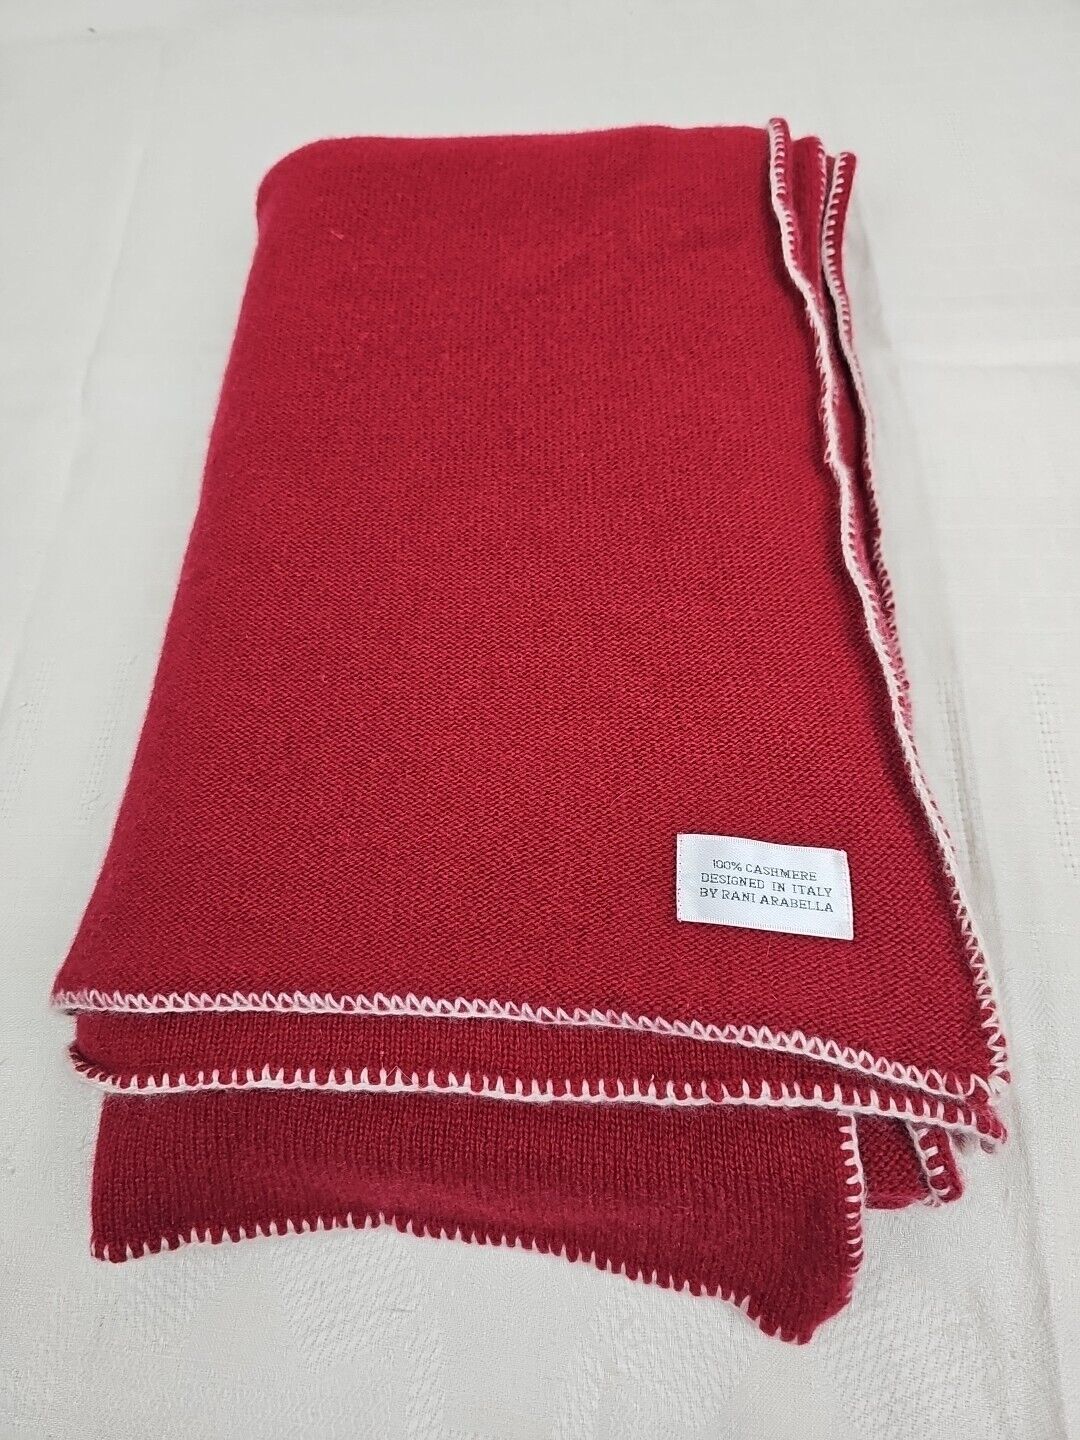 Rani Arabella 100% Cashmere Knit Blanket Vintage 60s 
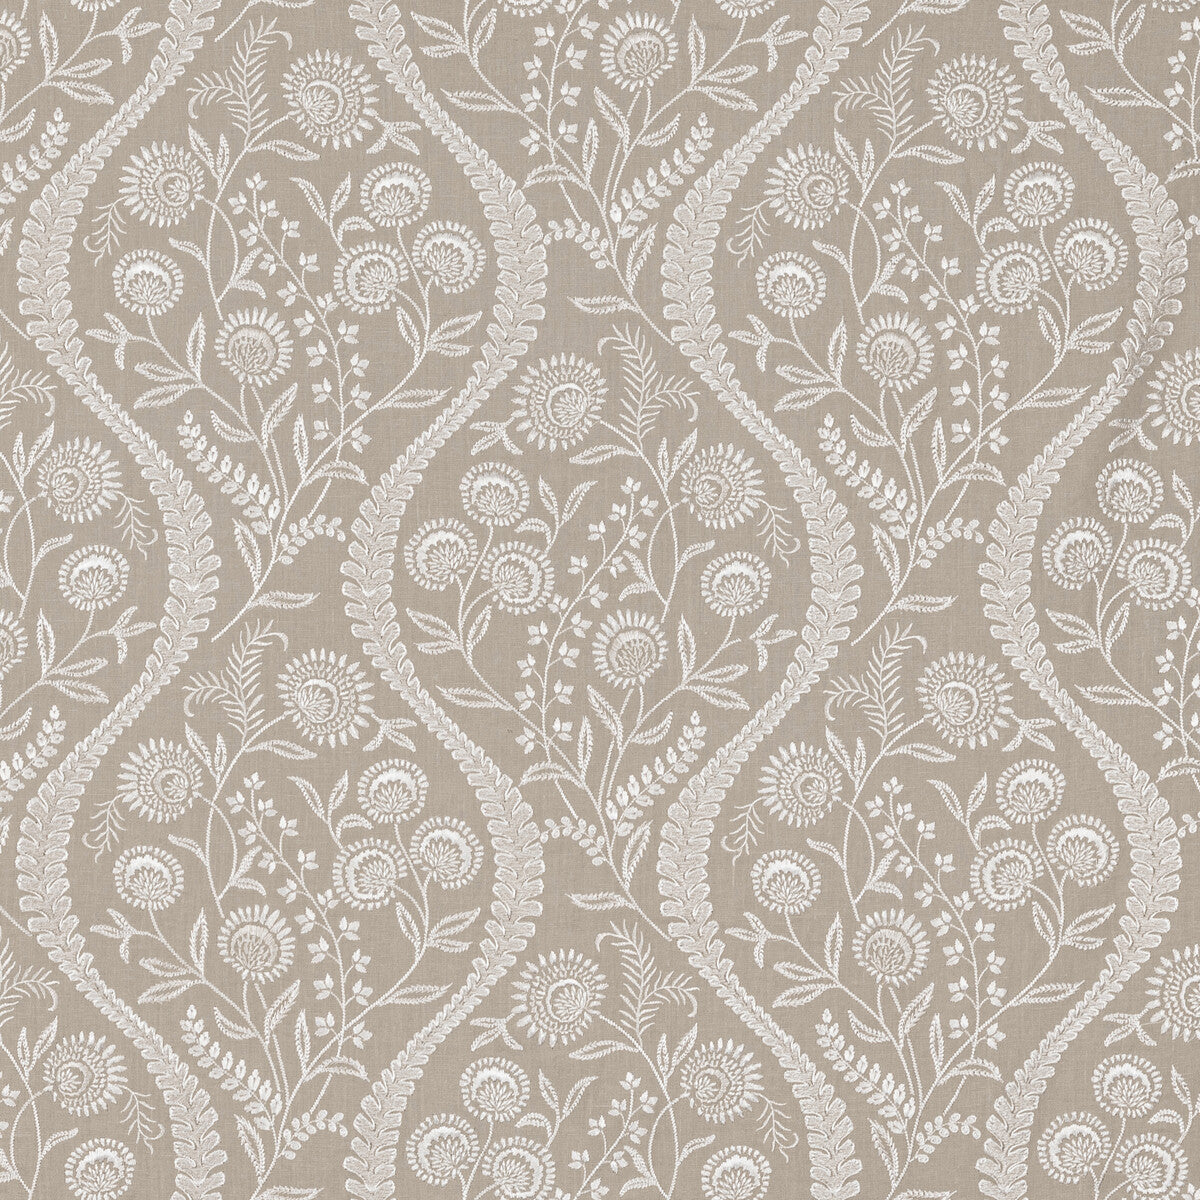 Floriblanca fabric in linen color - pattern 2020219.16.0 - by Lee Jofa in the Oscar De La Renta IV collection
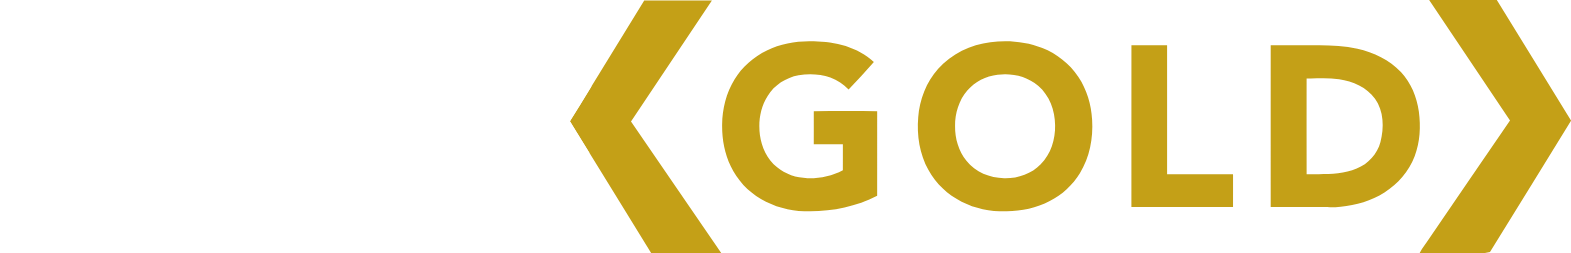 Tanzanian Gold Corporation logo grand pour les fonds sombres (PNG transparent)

────────────────

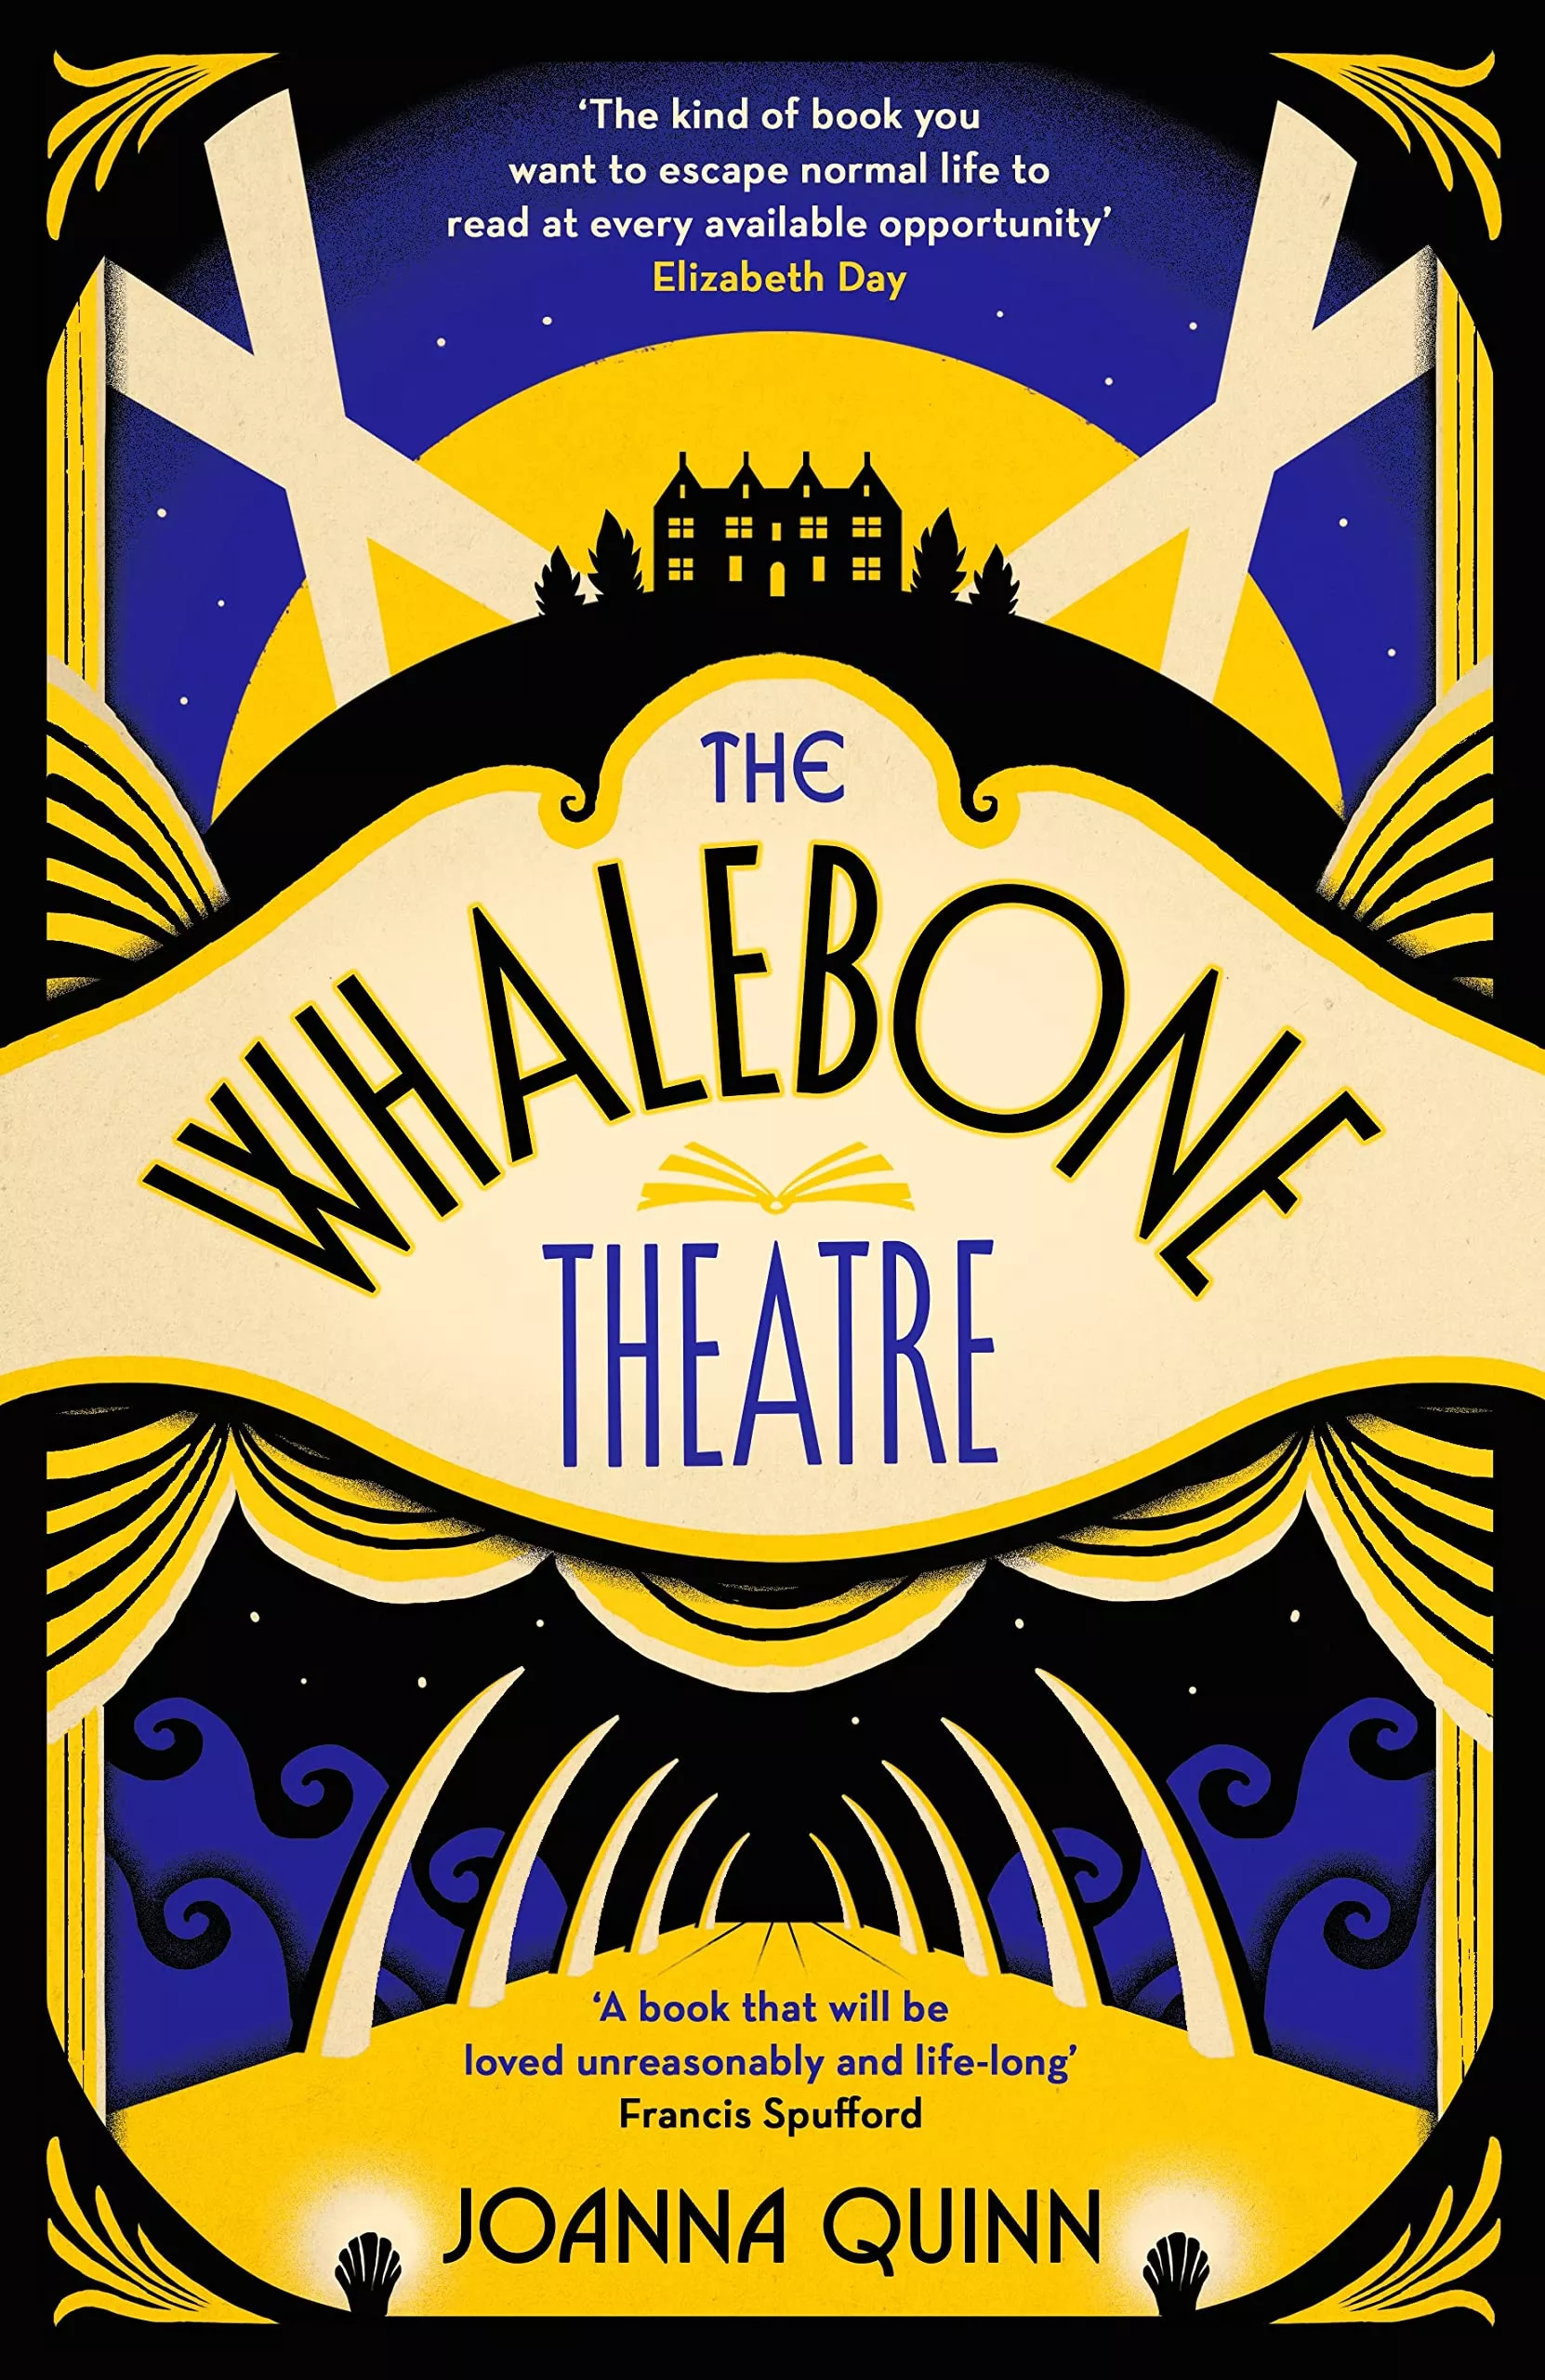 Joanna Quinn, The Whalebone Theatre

────────────────

▸ Task goal: Working from the entries above, please transcribe only the lines from the line with "Floriblanca fabric in" through the line with "Tanzanian Gold Corporation", exactly, with both end lines and without pictures.

▸ Exercise output:
 Floriblanca fabric in linen color - pattern 2020219.16.0 - by Lee Jofa in the Oscar De La Renta IV collection
 Tanzanian Gold Corporation logo grand pour les fonds sombres (PNG transparent)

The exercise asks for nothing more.